Interesting method. I think the big problem in VA with vineyards is the deer. I’ve been to a few and they hate them. Not sure why they don’t just get some good dogs to roam the fields…

So, what I am hearing from all this is that there are probably few states in the continental US where (grape) wine could not be grown decently. The point about pear and other fruit wines is a good one. I’ve had dandelion wine (gross) and some other non-grape wines (also kinda gross), but I think it was because of the maker. Never trust screw top lids on wine, even if the Amish do seem so nice.

Correct. USA Today did a neat page awhile back detailing each state’s wine production info. It looks like almost every state in the continental US has at least one (grape) winery.

Uh-oh. Now you’ve hit a soft spot. :wink: Screw caps are fabulous. Get used to them.

Quick question re: slope. What are the actual benefits of sloped land in growing grapevines?

Is it merely so the vines (on south-facing slopes) will get more sun? (I understand that in some cooler areas, like Germany, these requirements for steep southern exposure are life-and-death matters.)

Or is it so the soil will have better drainage? (i.e., so the vines aren’t sitting in flat, swampy areas and rotting)

Or is it that extreme slopes are generally more likely than flat areas to have the gravelly, rocky, chalky, non-rich soil that grapes do best in? (i.e., as opposed to the fertile lowlands where most food crops are grown)

Any/all of the above?

Sorry toadspittle, I think I’ve exhausted my viticultural knowledge. But from what I understand it does have to do with everything you mentioned and more.
Especially in this area, the way the fog rolls in plays a part, wind, etc. It’s all those little changes/factors that create all the microclimates we have in Northern California, particularly Sonoma and Napa valleys.

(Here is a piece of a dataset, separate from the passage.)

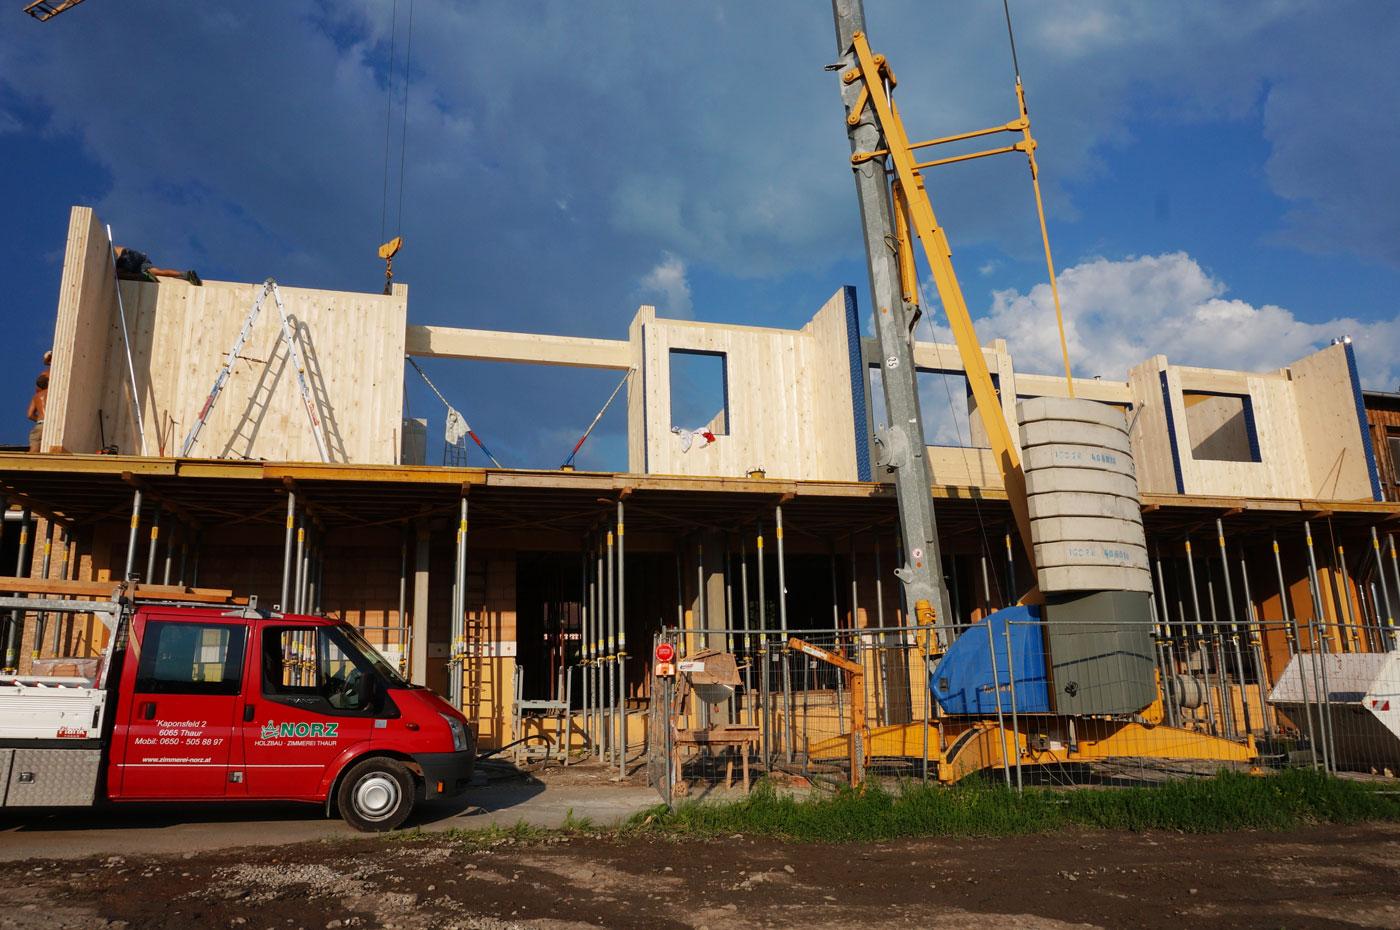 1-Holzbau-Reihenhaus-zimmerei-Norz-thaur-05-2018.jpg

      • I don’t know nuts about making wine, but there are some wineries around the metro-St-Louis area, and they are always on hilltops. I don’t know that they always face one way, but the geology is flat bottomland near rivers used for farming regular crops (corn/grain/wheat, soy, ect). The wineries are never on the flat bottomland, always on the hilltops.

Pretty much what you’ve said. For instance, all of the wineries around Monterey, down the Salinas Valley are on the giant alluvial fans that spread out from the side canyons. Since these soils are “newer” they tend to be more mineral than organic, and are usually sandy, to gravelly and stoney. The bottom lands are usually rich clay or silty soils, which can be used to grow grapes, are better suited for fruits and vegetables. It also has somewhat to do with the temperature inversions we have here. The higher up the hills you go, the warmer things get.

The only places i’ve really seen grapvines outside of these areas is near the town of Greenfield where the vines are on flatter land, although it’s still rather rocky (they call the stones “Greenfield potatoes”). I’ve also seen vines in the soil of the great Central Valley which has rich soil (i’ve read the topsoil is up to 70m deep in places). Vines are vigorous and grow strongly there, but they take a little more care I believe. You can grow grapes in any soil as long as the roots don’t sit in mucky wet soil.

I’ve also read that aside from terroir, which is land suited to wine grapes, terrain is land suited to vegetable or fruit production. You can grow wine grapes on terrain, but they’re better grown on terroir.